Foot-pump hand-washing contraption demonstrated by DEEP’s Chris Green 
is sturdy, easy to assemble and easy to use.

Hand-washing like this is not optional in a disaster situation, Green emphasized. Everybody must do it all the time to ensure the safety of everyone else.

Green said the system he’s suggesting is simple, cheap and efficient, key elements of what’s needed after a disaster. Most of the materials are available at outlets like Home Depot, and all the items he discussed in his presentation — buckets, garbage bags, lime, toilet paper, a primer bulb, tubing and water container – can easily be packed together for storage in a small space.

What you need to build a foot-pump handwashing station.

What you need for the two-bucket system.

DEEP chair Chris Green answers questions at the end of the session.

Alternative solutions have downsides

There are other ways of dealing with sanitation after a disaster, he said, but they all have downsides if it’s serious and long-lasting.

Porta-potties, for example. Unfortunately, there are only about 20,000 in all of B.C., not enough to serve even Vancouver on its own (the golden rule is one toilet per 20 people.) Plus they must be cleaned and emptied, a problem if roads are destroyed and trucks can’t reach them.

Latrines? A possibility if you have a yard, but do you know where the utility lines are before you start digging?  Plus, they should be at least 10 feet from your residence, 10 feet from your property line and 100 feet from creeks and wells.  Not an option for most multi-unit buildings or properties with minimal open space.

Composting? It takes special knowledge, materials and time to do it safely, and if it’s done wrong could create a major public health issue. The aftermath of a disaster probably isn’t the best time to get into this. Chemical toilets? Fine if you know how to do it and have a good supply of the needed chemicals.

Poop into a bucket, close it up tight and store it? Not a good idea for many reasons, including that you’ll quickly run out of buckets. “Bagging poo allows you to store it when it gets full and keep using the bucket. It keeps the poo in one place – no transferring, no splashing,” says Green’s presentation. Plus, a tight bucket lid can create anaerobic conditions, leading to the deadliest of poisons – botulism.

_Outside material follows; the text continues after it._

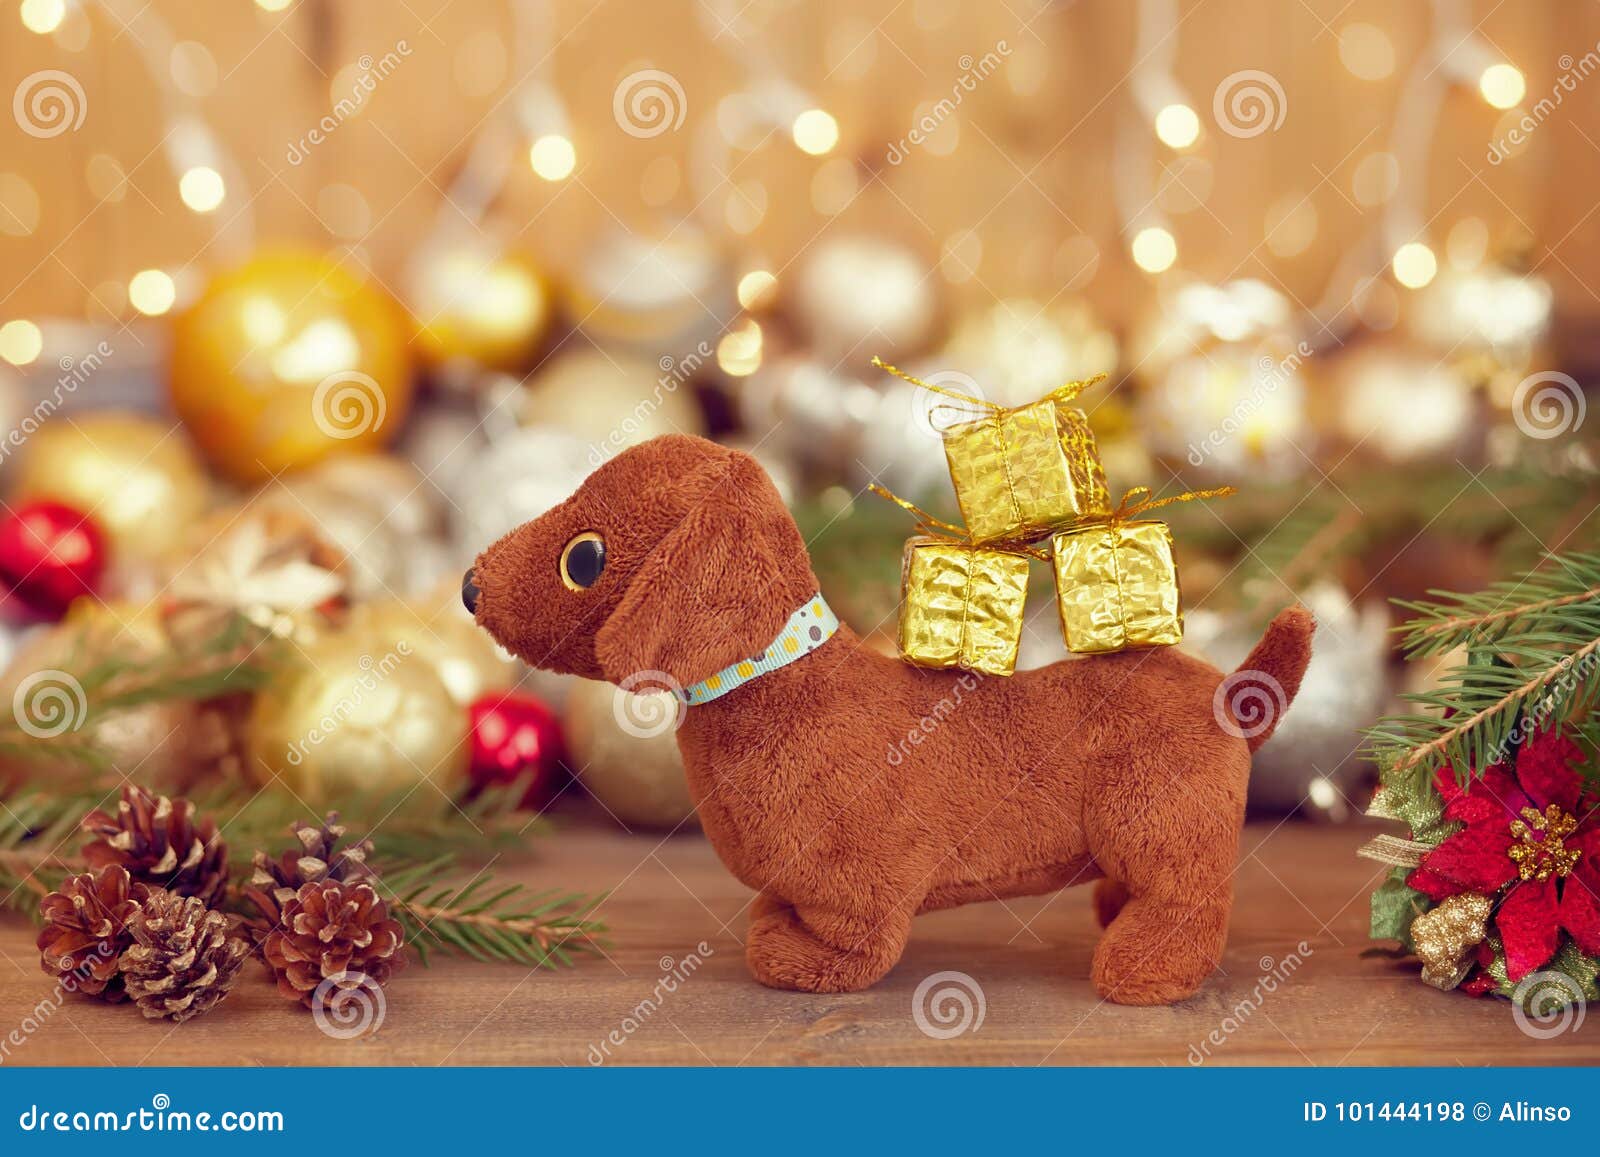 2018 Year Of The Dog Christmas Decorations Stock Photo

Green acknowledged that sanitation after a disaster is not a topic most people want to spend a sunny March morning addressing, but he did his best to keep the presentation light. One of his slides, for example, showed a “Tippy Tap,” an alternative hand-washing method.

It consisted of a water container roped to a branch at an angle, with a hole one-third of the way from the top of the container. Pulling a string attached to the container cap would tilt the bucket enough for water to pour out. Beside it, a bar of soap is hung from the branch on a string.

Tippy Tap slide from Disaster Sanitation presentation.

The slide itself wasn’t encouraging: “Easy to make, hard to aim and thus wasteful of water;” it said. “Best used outdoors.”

Green’s comment: “Not recommended.”

But discomfort with the topic of sanitation shouldn’t discourage people from honouring the work of the poo crews after a disaster, said Green. It’s a nasty job nobody wants to do, but it’s among the most important, essential and life-saving work that happens in a disaster.

In the end, he said, the sanitation workers may save more lives than the medical crews.